WHAT YOU WILL DO | Output the full listing exactly as written, with no pictures in it.

GIVEN MATERIAL |
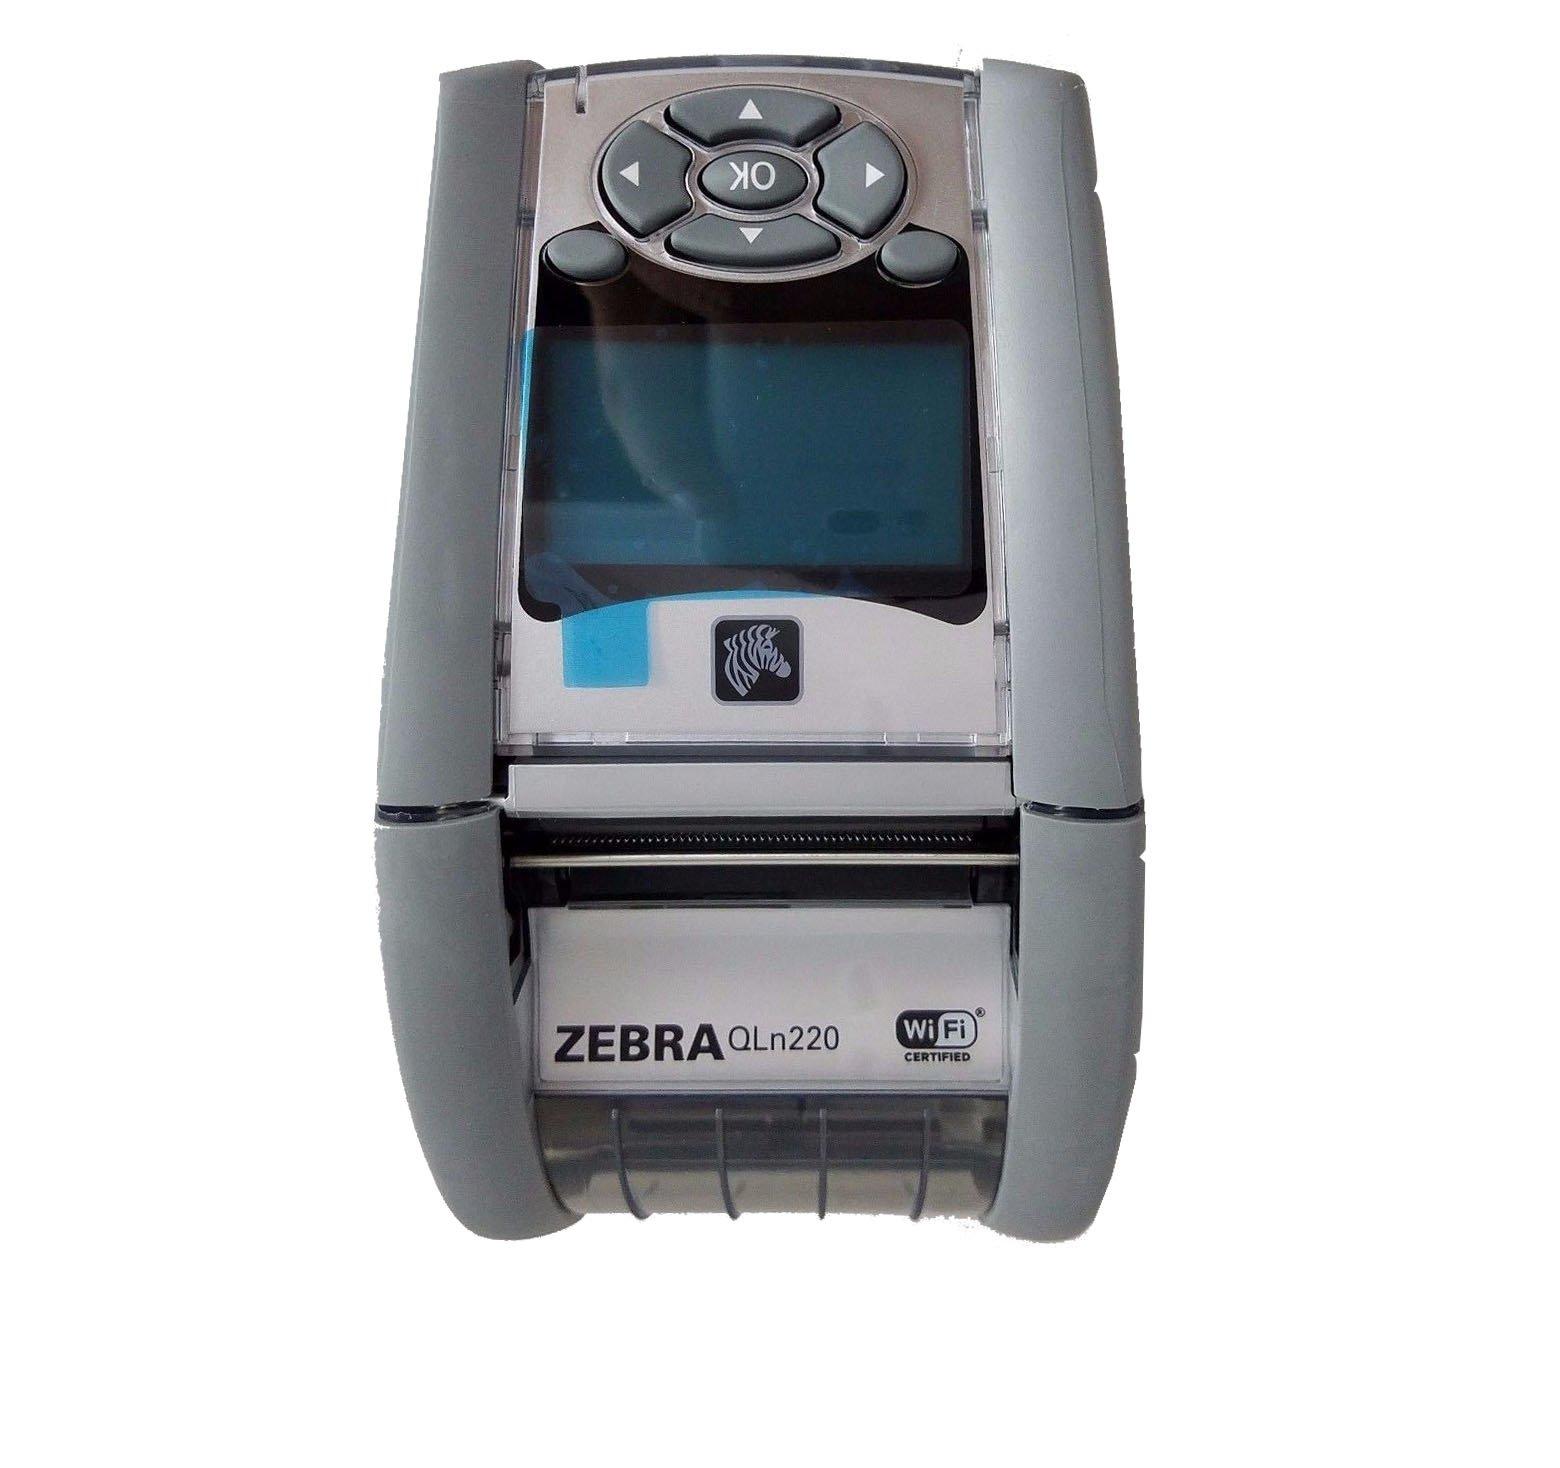 Zebra QN2-AUNA0M00-00 QLN 220 Direct Thermal Mobile Label Printer, Bluetooth and Wi-Fi, Monochrome, 203 dpi, 2.75'' H x 3.5'' W x 6.5'' D
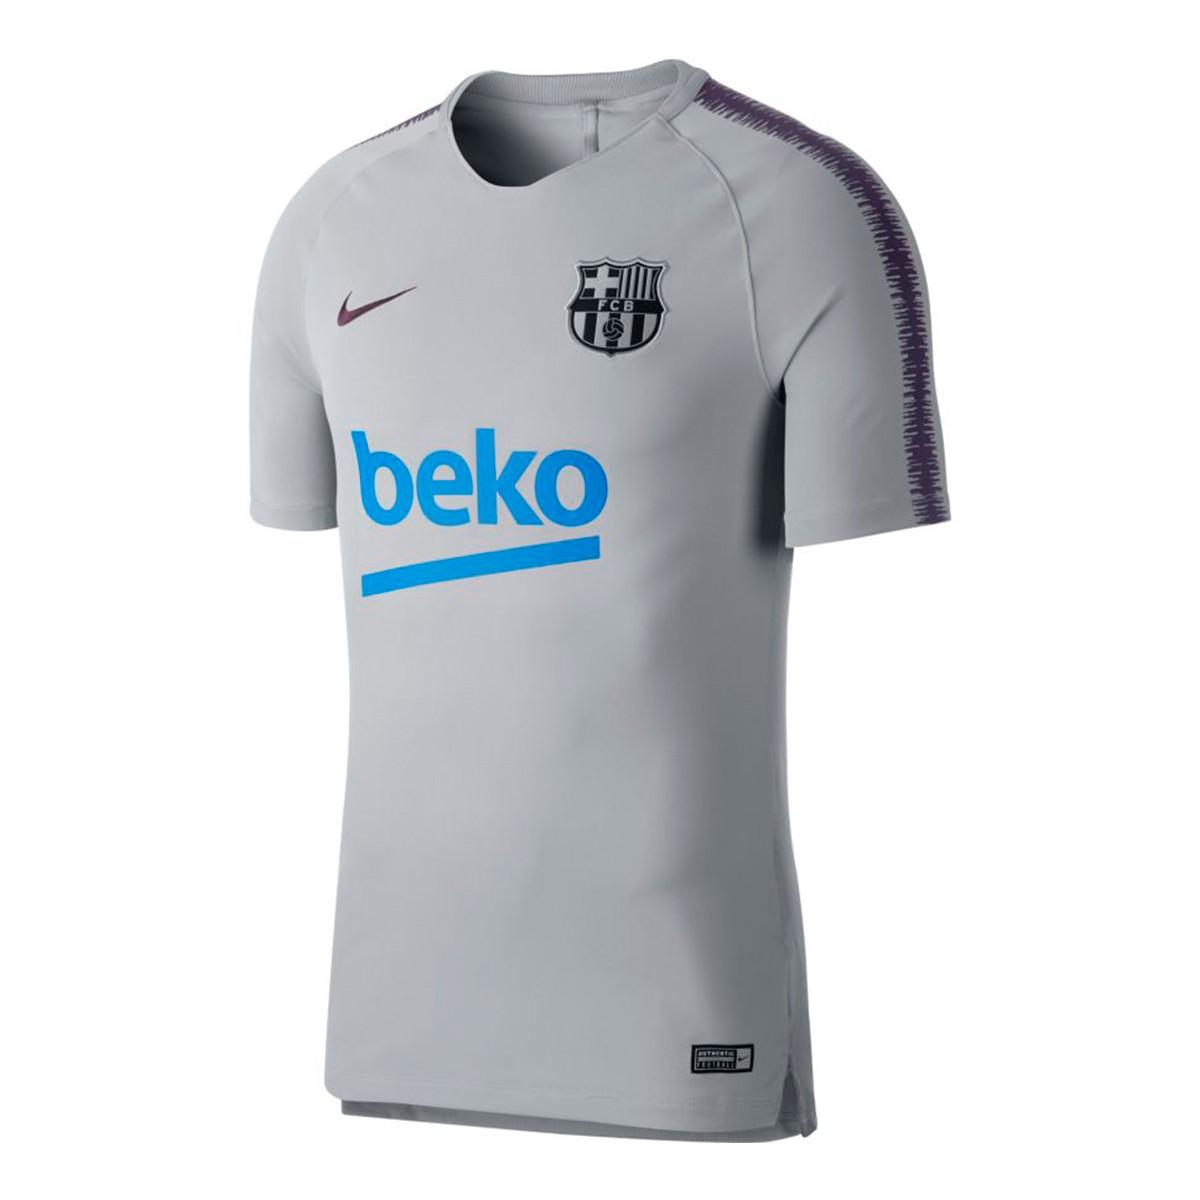 1026539d25f Jersey Nike FC Barcelona Squad 2018-2019 Wolf grey-Purple dynasty ...
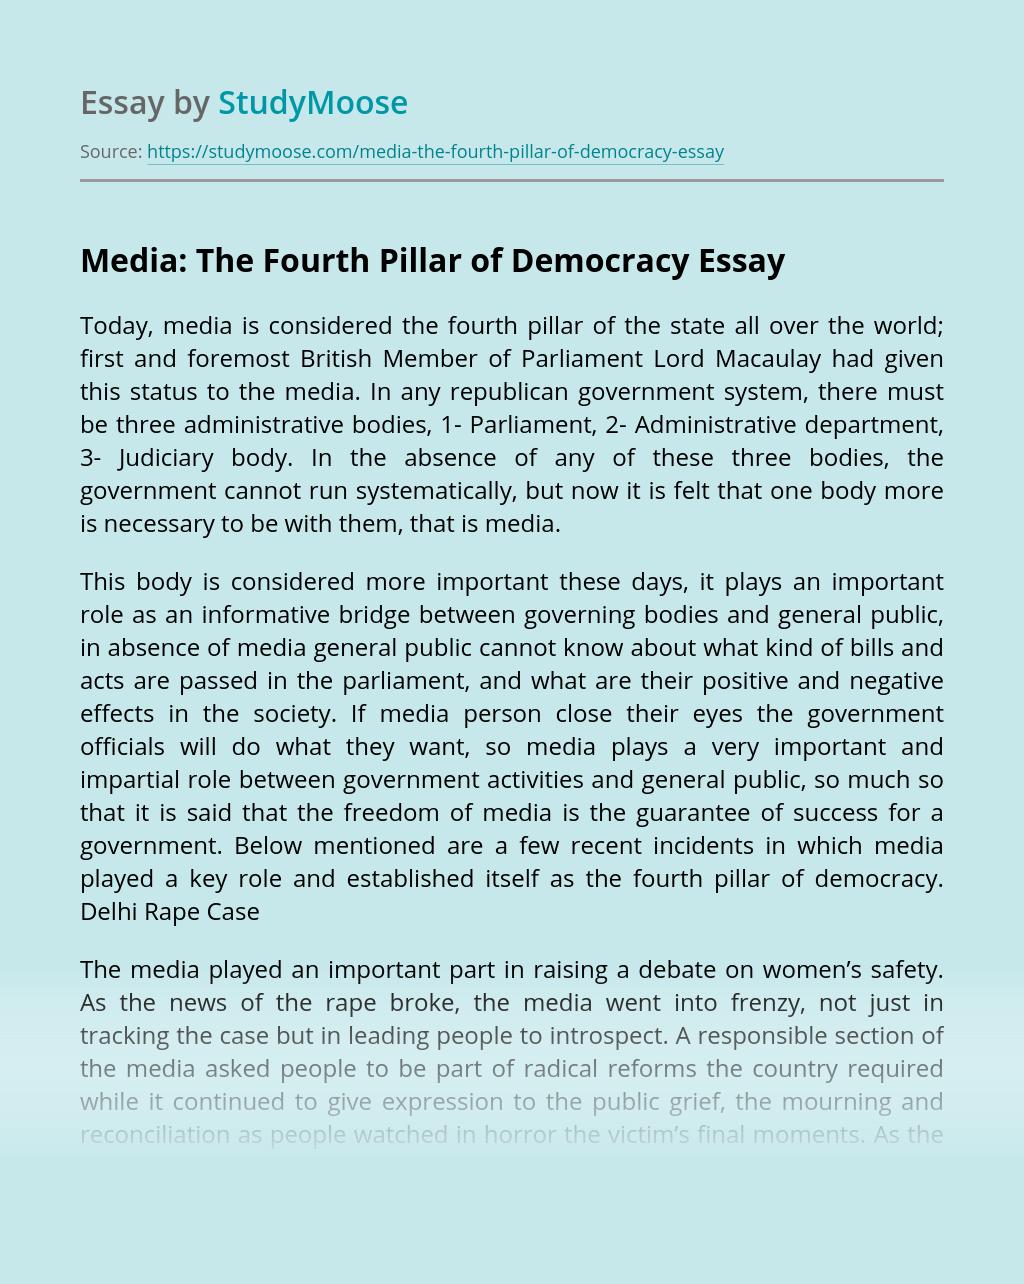 Media: The Fourth Pillar of Democracy

ANSWER SPACE |
 Zebra QN2-AUNA0M00-00 QLN 220 Direct Thermal Mobile Label Printer, Bluetooth and Wi-Fi, Monochrome, 203 dpi, 2.75'' H x 3.5'' W x 6.5'' D
 1026539d25f Jersey Nike FC Barcelona Squad 2018-2019 Wolf grey-Purple dynasty ...
 Media: The Fourth Pillar of Democracy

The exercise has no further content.